Faroe Islanders - Economy



Subsistence and Commercial Activities. The Faroese economy has always had a monolithic export sector and a diversified internal one. Formerly, the principal export was wool; subsistence pursuits included fishing, fowling, sealing, pilot whaling, digging peat, keeping milk cows, raising hay, and—until potatoes became popular around 1830—raising barley. Today, most villagers raise potatoes and own a few sheep; some fish inshore for domestic needs or supplementary income. Pilot whaling provides an important and prized source of meat and fat. The principal export is fish. Fish and fish products regularly account for about 95 percent of Faroese exports by value; and fishing and fish processing, which employ about a fifth of the working population, account for 24 percent of the gross domestic product. The next largest categories are government services (19 percent), Commerce (14 percent), shipyards and other industry (11 percent), transportation and communication (8 percent), and construction (8 percent). The GNP is about 5.6 billion krónur, or about $12,000 per person, and is growing at a real annual rate of 4.3 percent.


Industrial Arts. In addition to a fishing fleet, which includes 270 vessels of over 20 gross tons, there are three shipyards and numerous firms engaged in construction, road building, food processing, and so forth.


Trade. The Faroes depend heavily on imported food, petroleum products, machinery, manufactured goods, raw materials, etc. About half their imports come from Denmark, and a quarter from Norway, Sweden, the United Kingdom (U.K.), and western Germany. About a fifth of the Faroes' exports go to Denmark, and over half to the United States, the U.K., and Germany. The balance of trade is perennially negative. The larger towns and especially Tórshavn have many wholesale firms and specialized stores; the villages have small general stores selling foodstuffs, clothing, and Household wares.


Division of Labor. A strong sexual division of labor is only gradually weakening. Women performed household tasks and, for example, some chores in haying and digging peat. Men performed outdoor tasks and helped to card and spin wool in the winter. Women, who began to work in fish processing in the nineteenth century, today also work as clerks, nurses, teachers, etc.


Land Tenure. Lands may be either leasehold or freehold.
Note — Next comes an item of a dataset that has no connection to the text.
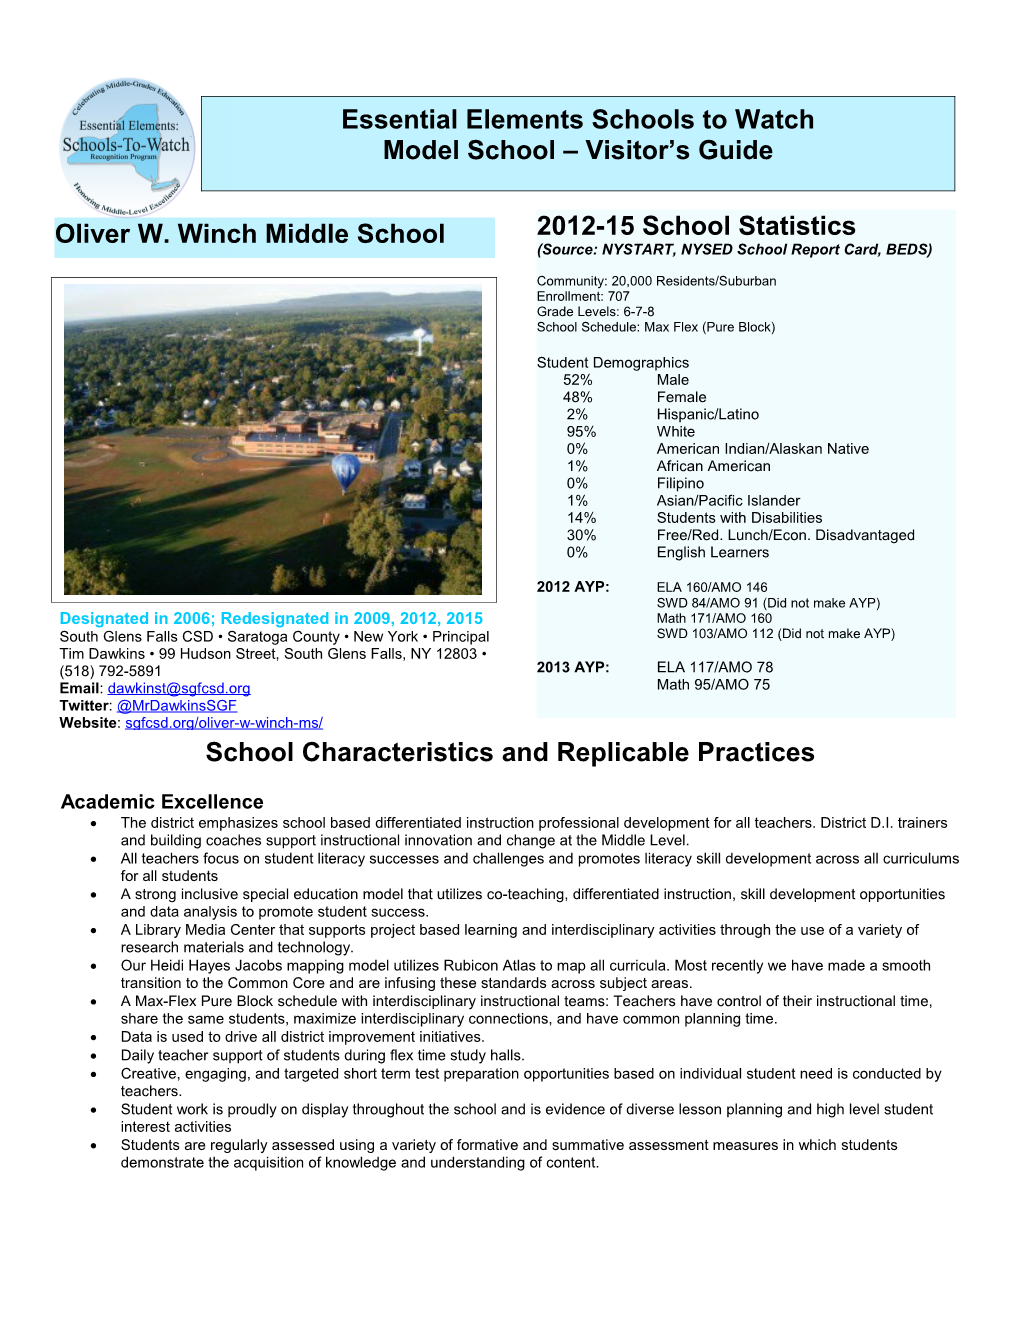 Frank Wright Middle School Profile 2006 - Virtual Library (CA Dept of Education)

About half the land in the Faroes is leasehold ( kongsjørð ), owned by the state. The approximately 300 leaseholds are impartible and inherited by male primogeniture. Freeholdings ( óðalsjørð ) may be divided by sale and inheritance. All land is divided between outfield ( hagi ) and infield ( bøur ). Tenancy or ownership of a stretch of outfield confers rights to a proportional stretch of infield, and, for example, to certain fowling privileges. The outfield is used for summer pasturage. The infield is used for crops and winter pasturage. A stone wall separates infield and outfield. Large sections of outfield are similarly divided, but the infield is unfenced. The village is set in the infield.